Sesso e dintorni
Buongiorno Psicologi e grazie per il tempo che dedicate a questa area.
Dopo parecchi anni di relazione, di cui 8 di convivenza, io e la mia compagna ci siamo sposati.
Non abbiamo figli, e lei è affetta da malattia auto-immune che si è manifestata dopo il primo anno di relazione, praticamente da sempre.
Nulla di invalidante ma, nel corso degli anni, ha portato un peggioramento delle sue condizioni fisiche e, soprattutto, delle condizioni intime:
soffre di candide costanti, cistiti a momenti alterni, secchezza, pavimento pelvico molto teso, stanchezza e inappetenza sessuale dovute a cortisone e farmaci vari.
Fa da sfondo una sua inibizione sessuale dovuta ad un approccio genitoriale d'infanzia a stampo cattolico: sesso = peccato.
A completare il tutto c'è stato il mio travagliato processo di accettazione della malattia e del peggioramento della qualità della relazione, cosa che ha portato ondate di mio malessere interiore e sua paura di non essere accettata per quello che è.
Il problema, a parte i primissimi anni, si manifesta a livello sessuale: scarso e temuto da lei, e per scarso intendo 2 o 3 rapporti all'anno.
Io, che reputo il sesso come una sfera della vita che deve trovare il suo spazio nonchè espressione della persona, sono quasi rassegnato.
Dopo lunghe guerre interiori mi sono auto-convinto che posso farne a meno e che in fondo, in questa fase della vita, posso considerarlo solo un piacere effimero.

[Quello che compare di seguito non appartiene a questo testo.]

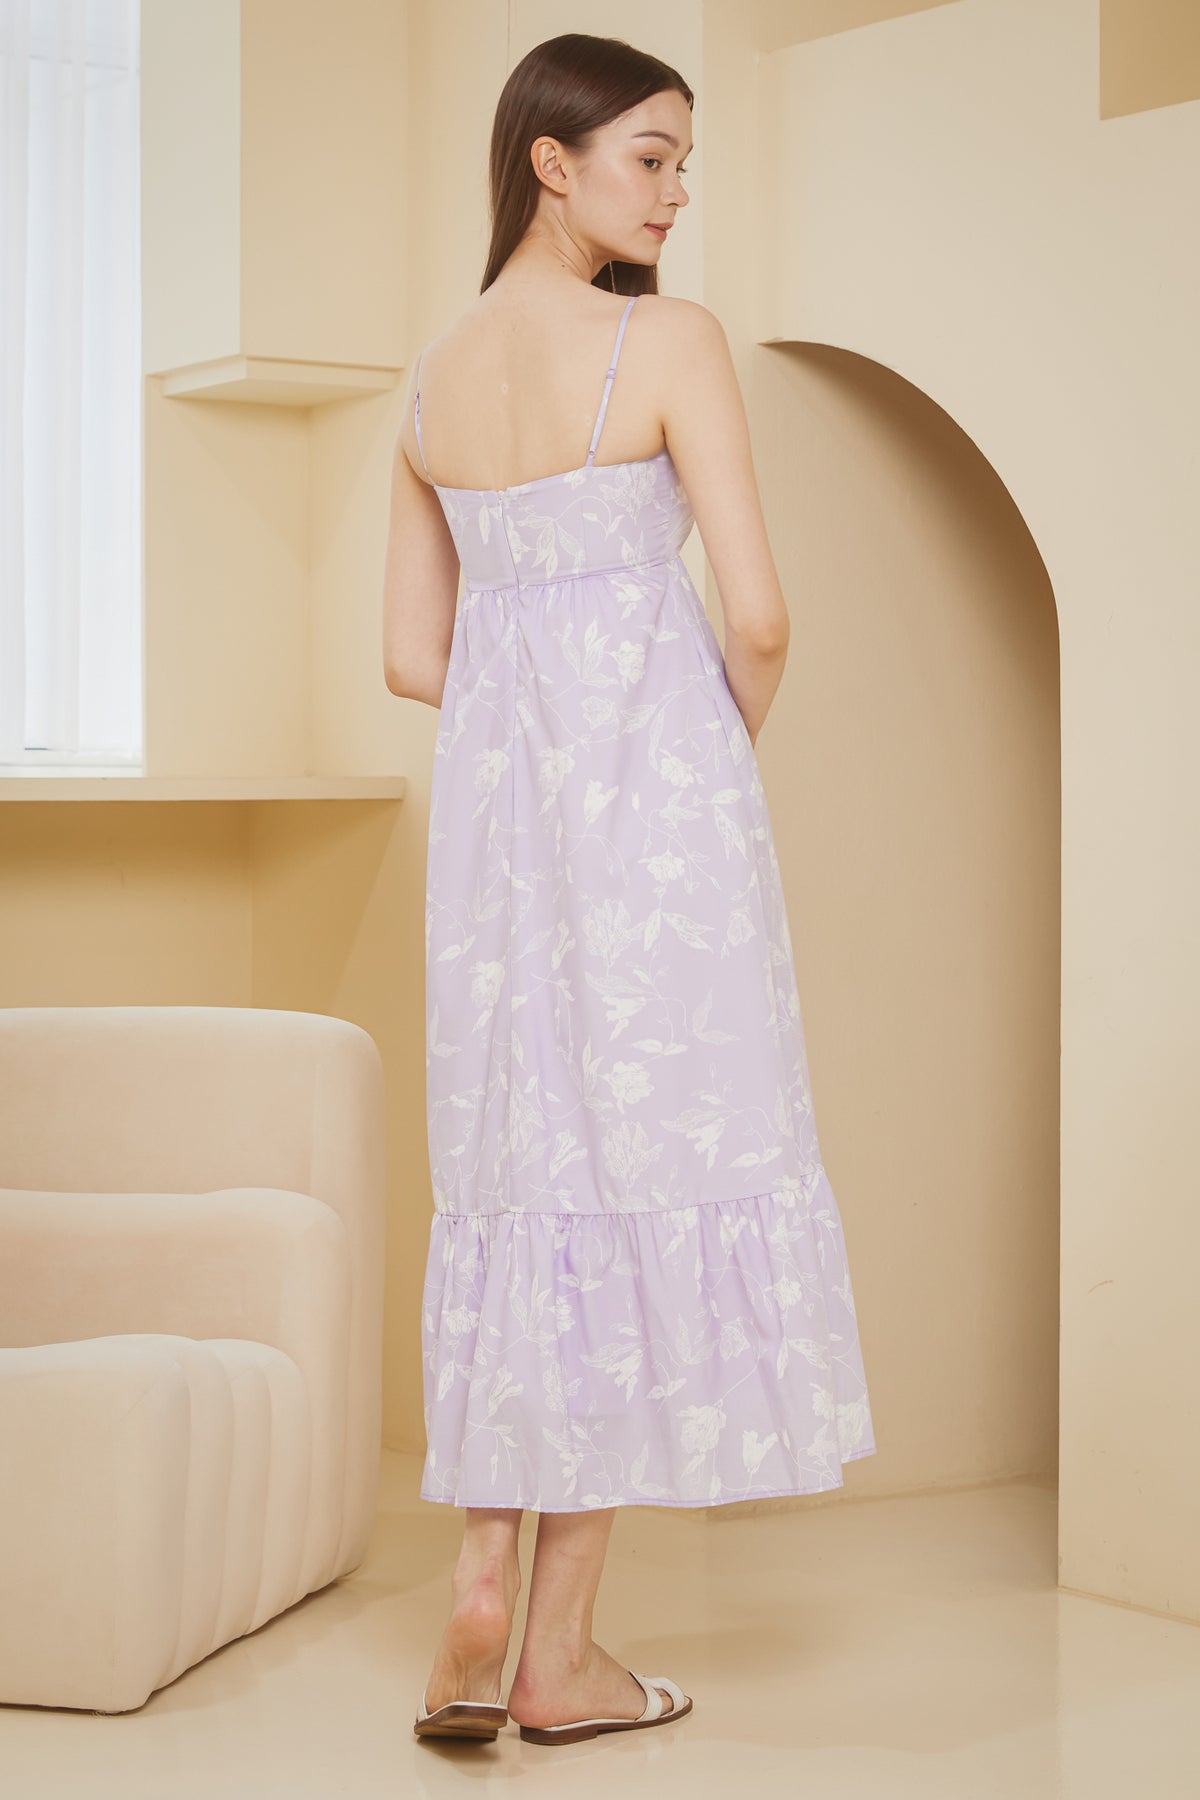 Springleaf Strappy Drophem Dress in Lilac

L'altra faccia della medaglia è che ho un impulso sessuale che ritengo corretto ma che non trova la sua naturale espressione, e questo genera un risentimento latente nei suoi confronti.

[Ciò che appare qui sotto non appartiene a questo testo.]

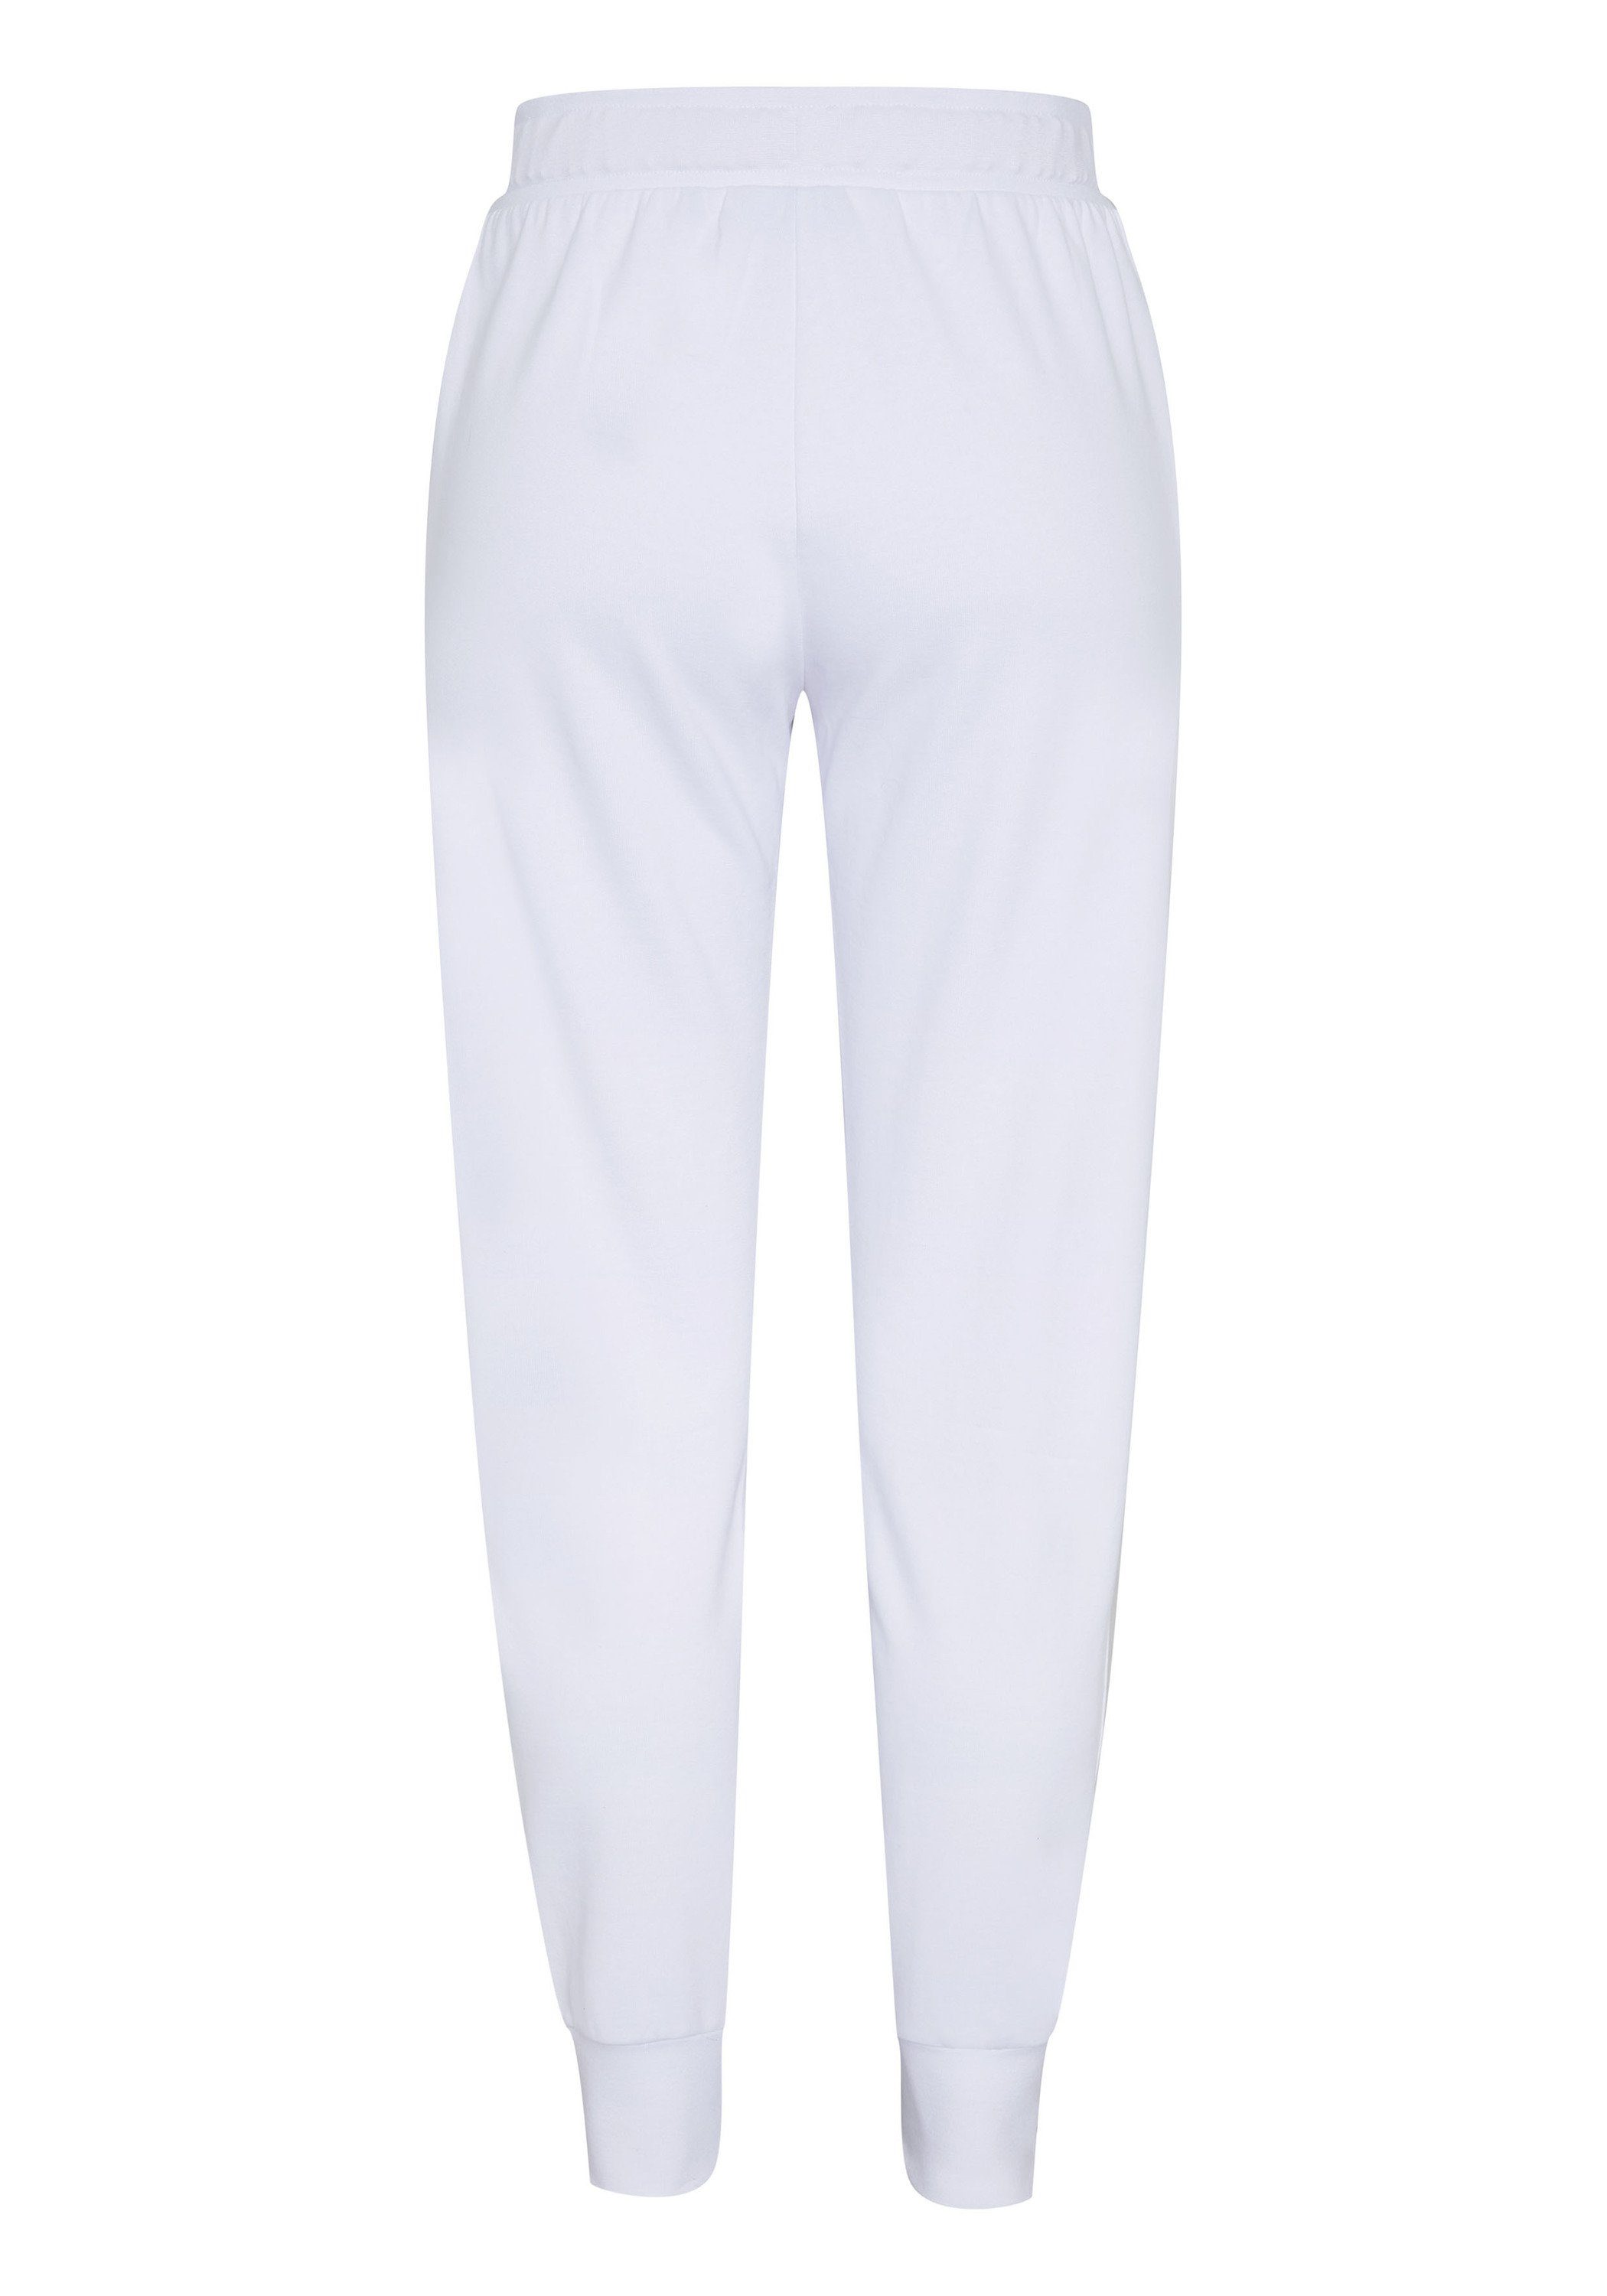 Oklahoma Jeans Sweathose 11-0601 Slim Bright Fit White in

Risentimento che razionalmente interpreto come infondato: lei non ha colpa.
Tra noi si parla spesso di tutto questo, delle terapie, dei tentativi, dei miglioramenti e dei peggioramenti, e si conclude che un giorno quando la malattia sarà regredita e le paure sessuali saranno superate, finalmente si potrà vivere una vita intima normale.

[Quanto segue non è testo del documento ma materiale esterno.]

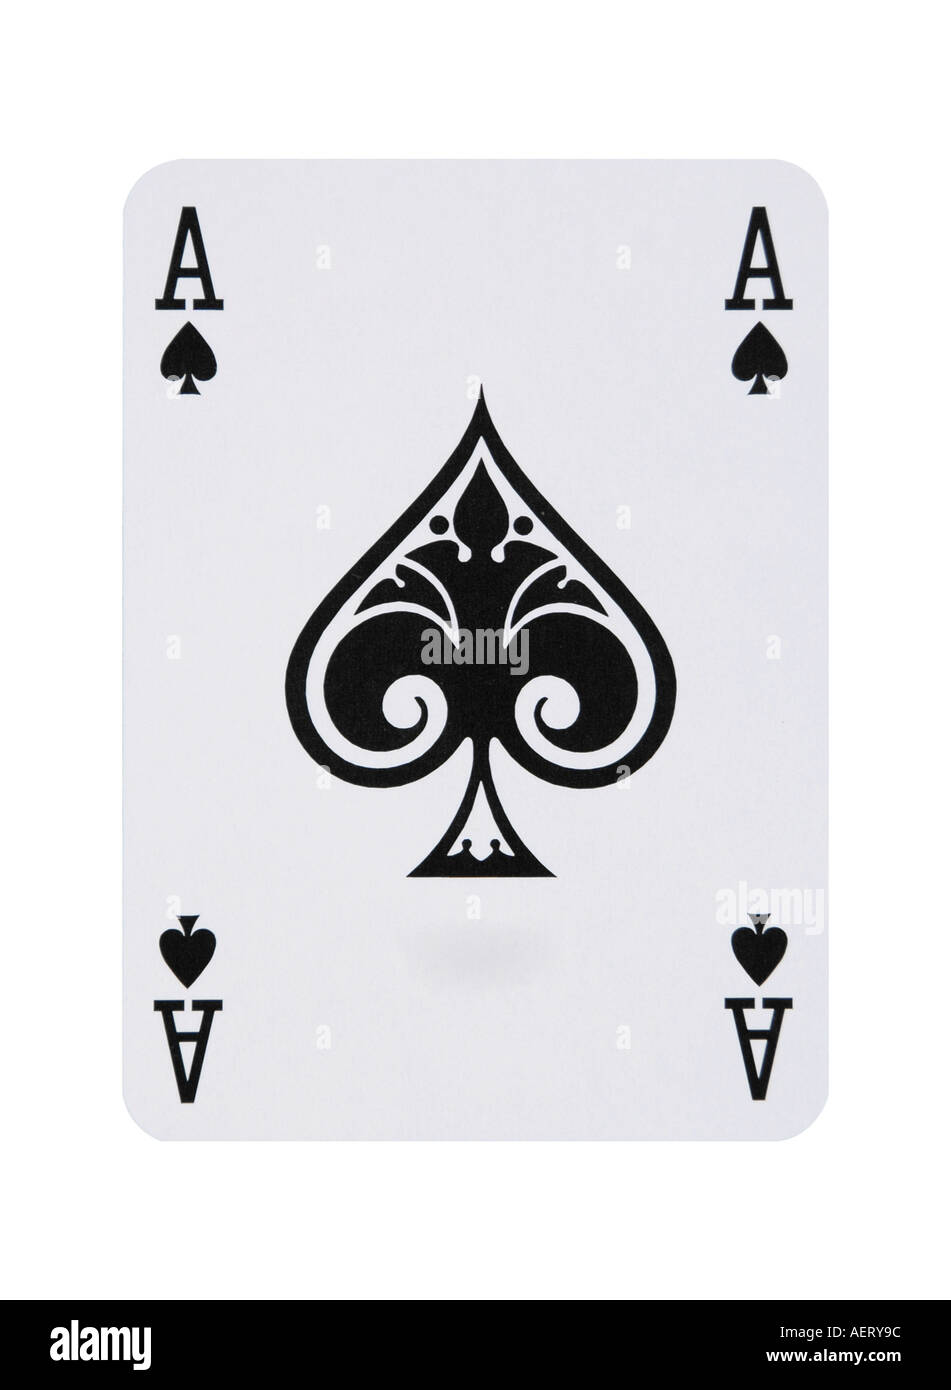 Ace of spades card Stock Photo - Alamy

Entrambi ci impegnamo per questi obbiettivi, la mia accettazione nei suoi confronti è cresciuta molto ed è quasi totale. La sua malattia ha avuto lievi miglioramenti ma non significativi, la sua paura del sesso rimane fissa.
Questa situazione è stazionaria da anni e io vivo in un limbo indotto da me stesso tra l'attesa, il miraggio, l'impulso naturale, l'autoconvinzione e la realtà quotidiana.
Vivo con la fierezza di essere un compagno responsabile che non si è mai tirato indietro di fronte alla malattia e alle conseguenze come appunto la carenza sessuale, le limitazioni economiche (gestire una malattia cronica ha dei costi), zero viaggi e tante altre piccole cose.
Le mie frequenti riflessioni si concludo con tantissimo orgoglio per me stesso, ma anche riconoscendo il mio "sacrificio" per le limitazioni che sono sorte e, soprattutto, che non è colpa di nessuno.
Pensare di "abbandonare il gioco" lo considero un fallimento, ma anche andare avanti così non ritengo essere una vita vissuta a pieno delle mie possibilità.
Purtroppo non abbiamo cifre da poter investire in altre terapie.
Vi ringrazio per qualsiasi consiglio, parere o anche solo una frase di supporto. A presto!